Britain’s Paris first woman to complete Barkley Marathons

Britain’s Paris first woman to complete Barkley Marathons

BRITAIN’S Jasmin Paris has become the first woman to complete the Barkley Marathons, one of the most demanding and secretive ultra races in the world in which athletes have to cover 100 miles (161 kilometres) in 60 hours.

Paris met the cut-off time by a mere 99 seconds at Frozen Head State Park in Tennessee where athletes only have a compass and a rudimentary map at their disposal to find books and tear out the page corresponding with their start number to prove they have reached the checkpoints in each of the five loops, reported dpa.

She is now one of only 20 athletes who have finished the race since the 100-mile distance was introduced in 1989, with an overall elevation of around 65,000 feet, almost 20,000 metres, and more than twice the height of Mt Everest.

Paris had managed three loops in her 2022 debut and had become only the second woman to reach loop four last year.
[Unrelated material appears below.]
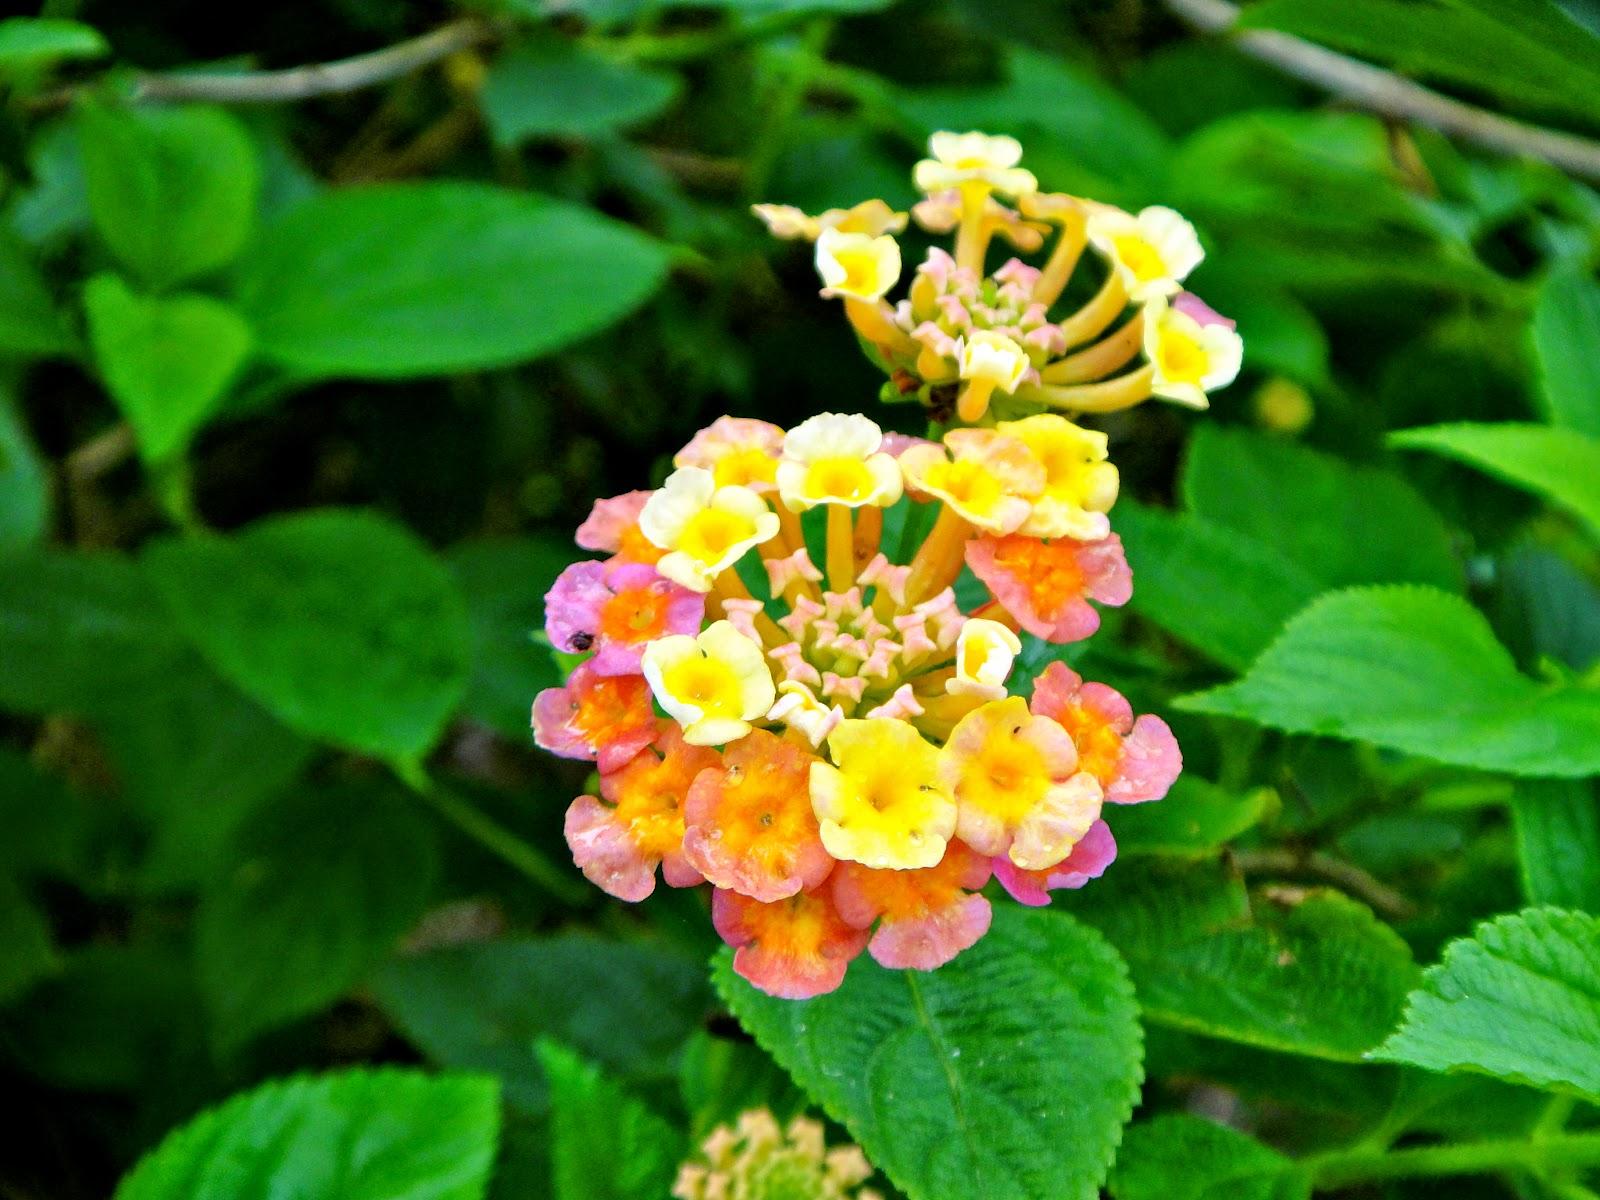 Flowers at Pine Garden Hualien Taiwan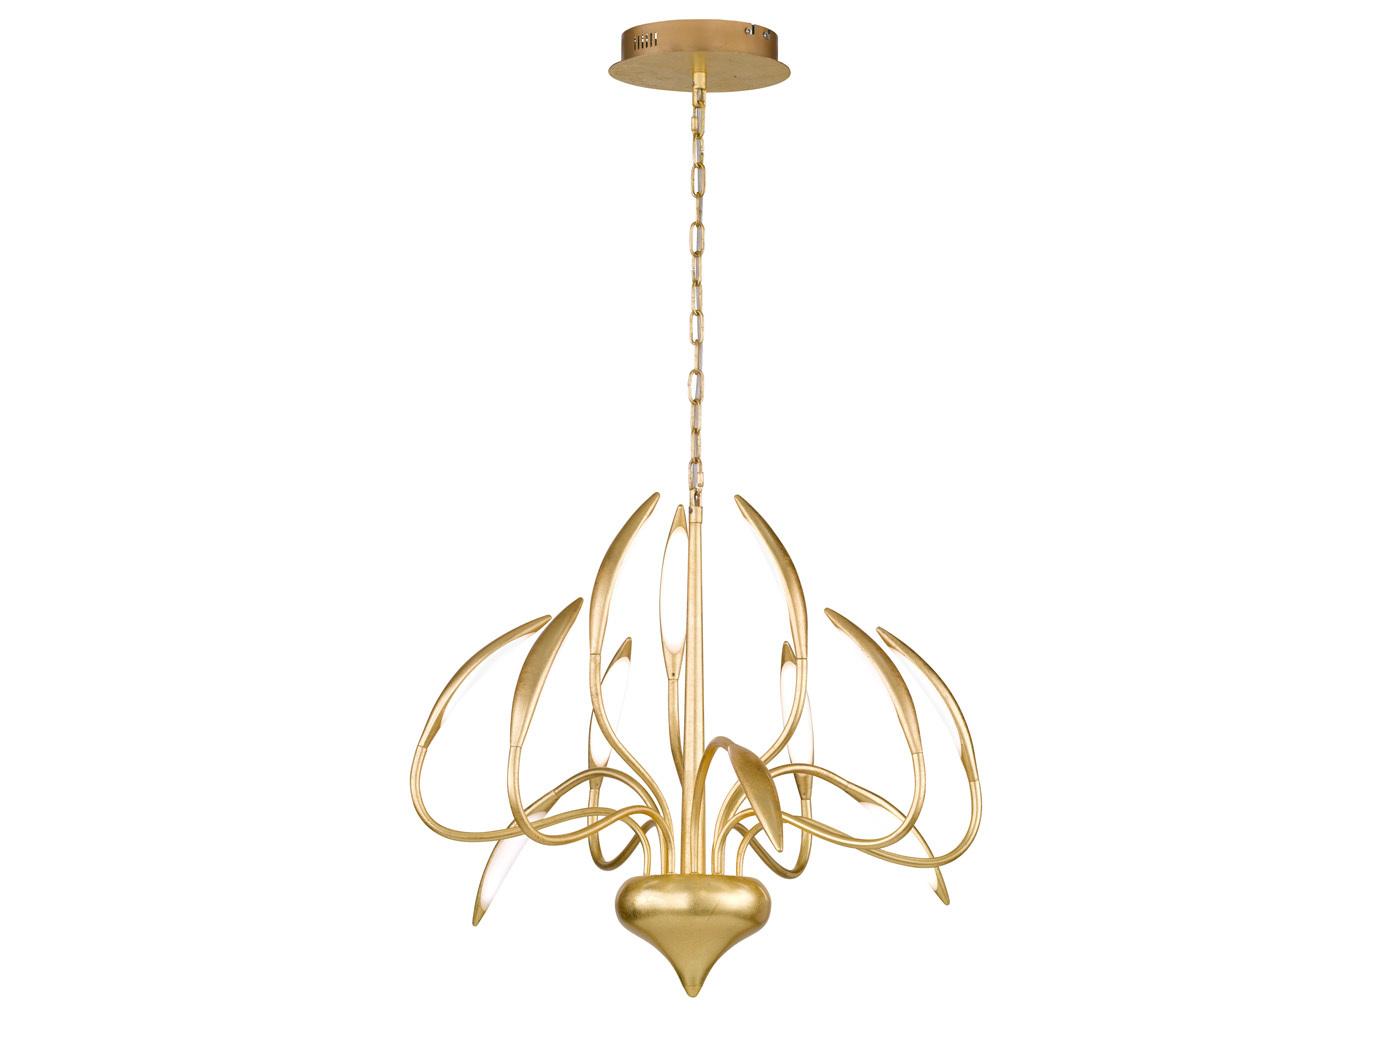 Kronleuchter Modern Mit Schirm ~ Dimmbare led pendelleuchte goldfarbig kronleuchter modern esstisch

This year’s race had five finishers for the first time, with Ukrainian Ihor Verys, who lives in Canada, first in 58 hours 44 minutes 59 seconds. American Jared Campbell in third was the first athlete to finish the gruelling event four times.

Only around 40 athletes are allowed to compete in the park with a fragile ecosystem. To further discourage spectators and maintain the mystery the race has no website and no official start time is given but it traditionally takes place in late March or early April.

The race starts anytime between midnight and noon on the set day, with starters informed there is one hour left once organiser Gary “Lazarus Lake” Cantrell blows on a conch shell.

The race gets under way when he lights a cigarette.

No start list is given and the race can only be followed via the X, formerly Twitter, account of Keith Dunn, who is somewhat the only official reporter and gradually releases names and race progress.

Athletes who want to finish must complete each loop within 12 hours. The first two are run clockwise, the next two anti-clockwise, and of those reaching the fifth loop the first one heading into the final loop can choose the direction, with the others alternating.

The race originated when James Earl Ray, who assassinated Martin Luther King Jr, escaped from prison in the region in 1977. He was found after 60 hours, having covered less than 10 miles, prompting the then ultrarunner Cantrell to say he believed he could cover 100 miles in the time.